Lines outside the range are not wanted. Give again exactly the lines between the line holding "Dame Gracie Fields, nato" and the line holding "HN-SH2365 espada medieval", inclusive, from the listing below.

### Material for the task
=== Section Start ===
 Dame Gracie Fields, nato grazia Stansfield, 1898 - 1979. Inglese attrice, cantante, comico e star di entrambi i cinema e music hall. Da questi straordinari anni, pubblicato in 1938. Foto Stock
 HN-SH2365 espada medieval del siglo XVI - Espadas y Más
=== Section End ===
=== Section Start ===
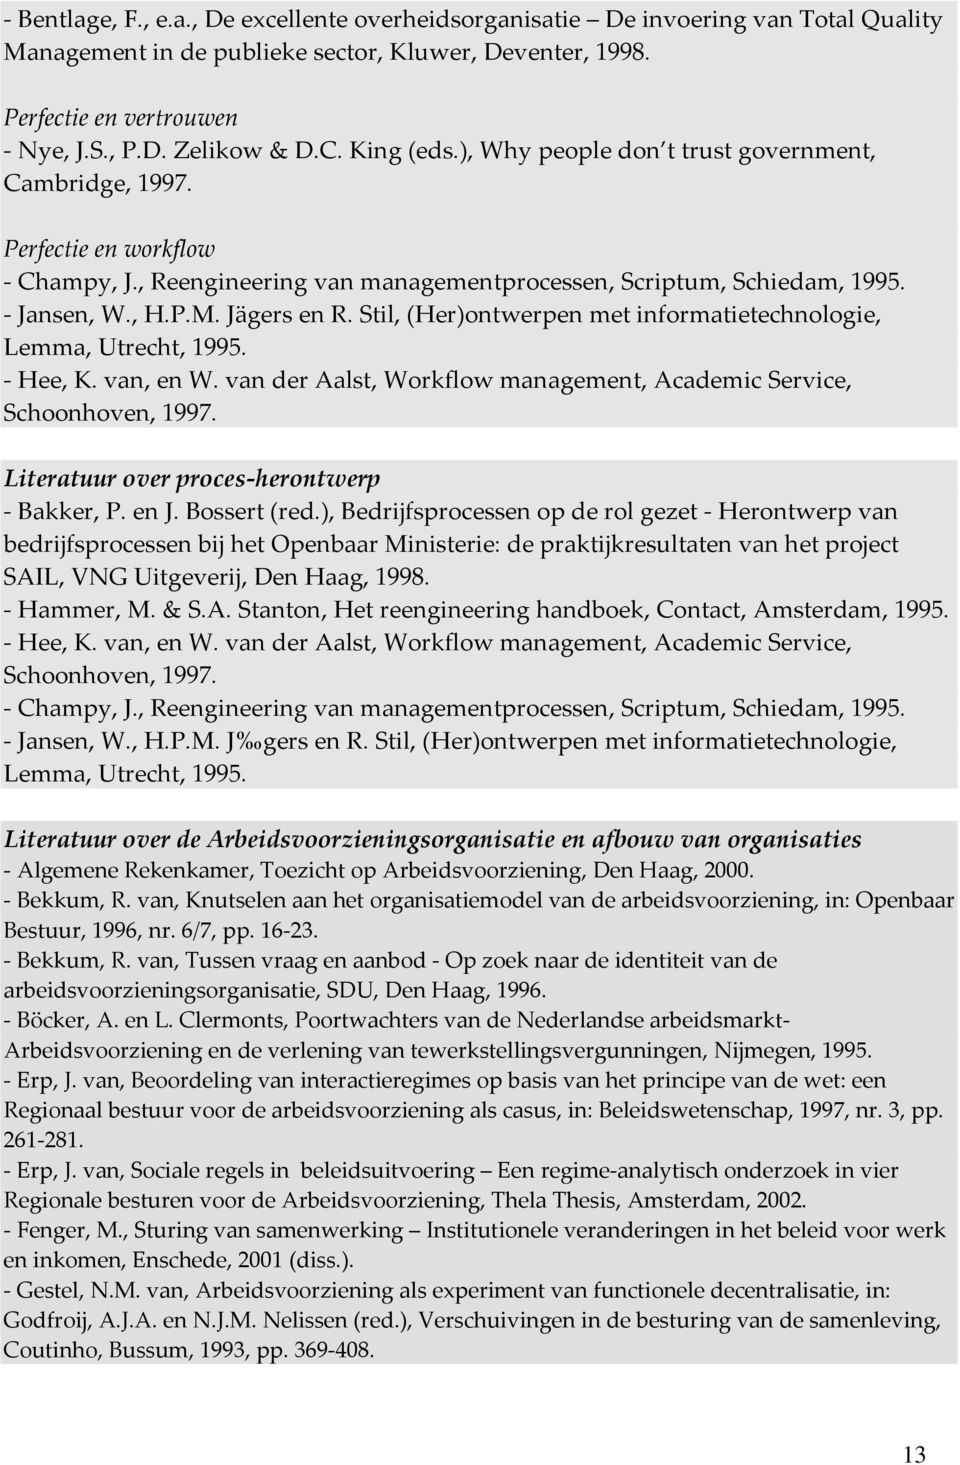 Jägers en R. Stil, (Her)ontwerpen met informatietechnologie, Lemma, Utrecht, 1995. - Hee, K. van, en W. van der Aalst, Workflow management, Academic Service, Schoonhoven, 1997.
=== Section End ===
### Your solution
 Dame Gracie Fields, nato grazia Stansfield, 1898 - 1979. Inglese attrice, cantante, comico e star di entrambi i cinema e music hall. Da questi straordinari anni, pubblicato in 1938. Foto Stock
 HN-SH2365 espada medieval del siglo XVI - Espadas y Más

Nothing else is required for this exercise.